Siblings, Bedrooms & Privacy: Learning To Share

Siblings' bedooms, privacy & sharing are causing problems? Read this article to find out how to change this.

Are your children perhaps sharing a bedroom or perhaps they have separate bedrooms and still are having problems? Perhaps my thoughts on this subject will help. Naturally children are going to fuss especially if they live in the same room with separate beds, dressers, etc. this is normal.

First of all let's discuss problems when they share a bedroom.

Are your children just constantly fighting since they live in the same bedroom even with each child having his own space, bed, dresser, toys, etc. and they are pestering you with these problems? When you think about it each child does need a separate private place for themselves but sometimes having his or her own room just isn't possible in your home. First of all I would suggest hanging a schedule on the door: allow each child to have a certain amount of time during the day in the bedroom alone and do not let the other child knock on the door and instill in the child out of the room that he is to respect the other's privacy during the time allotted to the other person.
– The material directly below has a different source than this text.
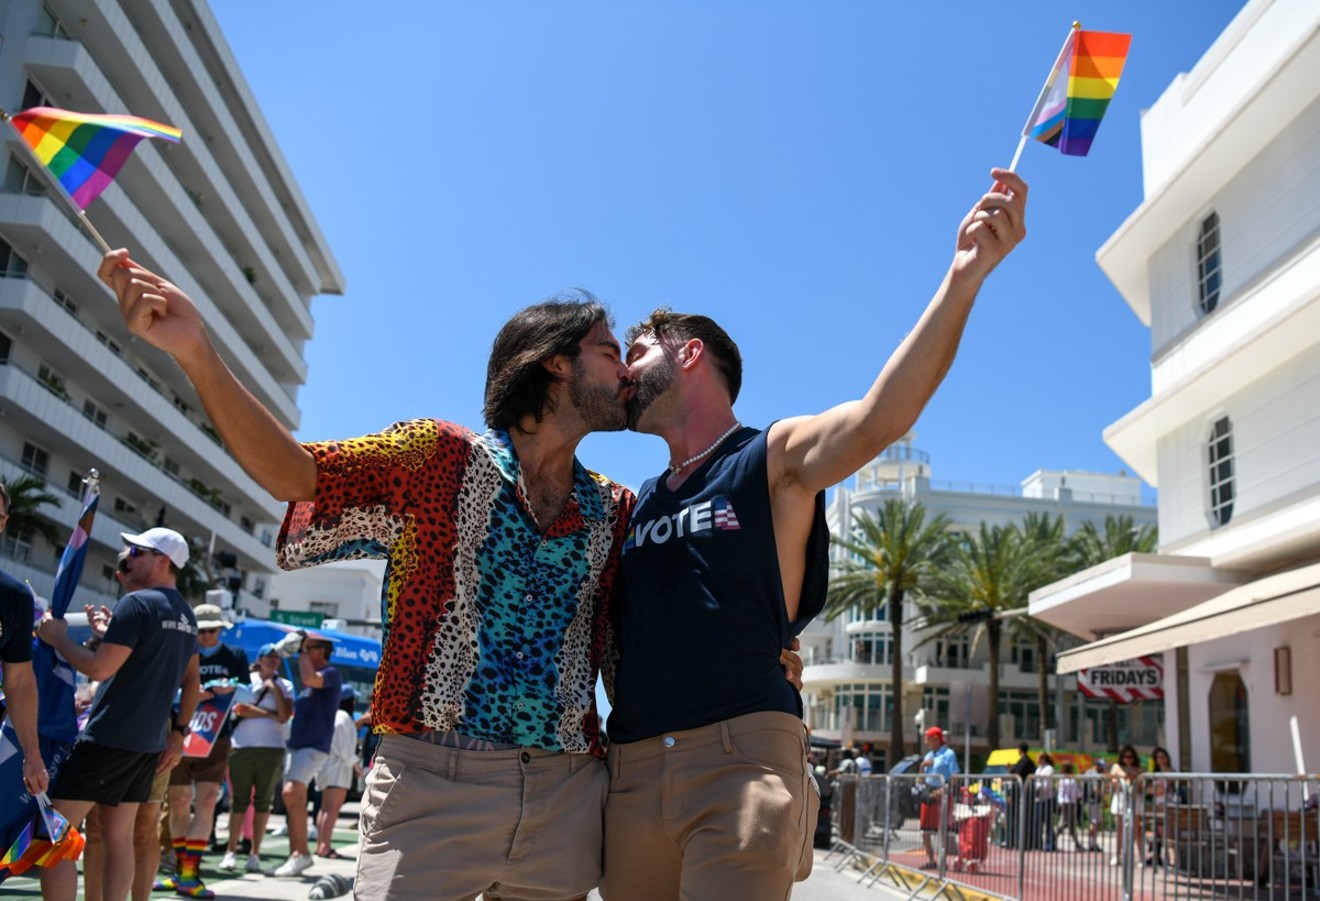 Miami Beach Pride: Celebrating LGBTQ+ Identity and Progress

Then if the child not in the private time in the room doesn't respect this privacy then take away from his time and add to the one in the room. Once the time is taken from one child and given to the other a few times then I will imagine a little respect will occur.

You can take even the smallest room and convert it into several smaller private spaces. Also you would have a neutral zone where both could enter.

This would be extra work and let us hope it isn't necessary but leave it as a last resort option.

Siblings seem to thrive in a love/hate relationship and we sure know this already, even when they have been taught to share their entire lives, and there will be problems with sharing.

I think if you were to sit down with the children and create a list of rules about their bedrooms it might help. Let them know what will happen if the fighting and fussing does continue: it could result in time outs or taking away of privileges depending on the age of the children. One rule would be to not borrow without asking. Let the children use poster boards and write the rules on them in either separate bedrooms or if they live in one bedroom.

Tell them also if you hear them fighting a certain number of times that you will have to instill those rules and if they will not get alone in the case that they have separate rooms, tell them you will put them in the same room and use

that spare room for yourself, that will really worry each of them. Then you will hear one of them saying, 'we need to get along or this will be a sewing room.'

I hope my suggestions will help you along on the road to having these children get along, but always realize this is normal in most homes.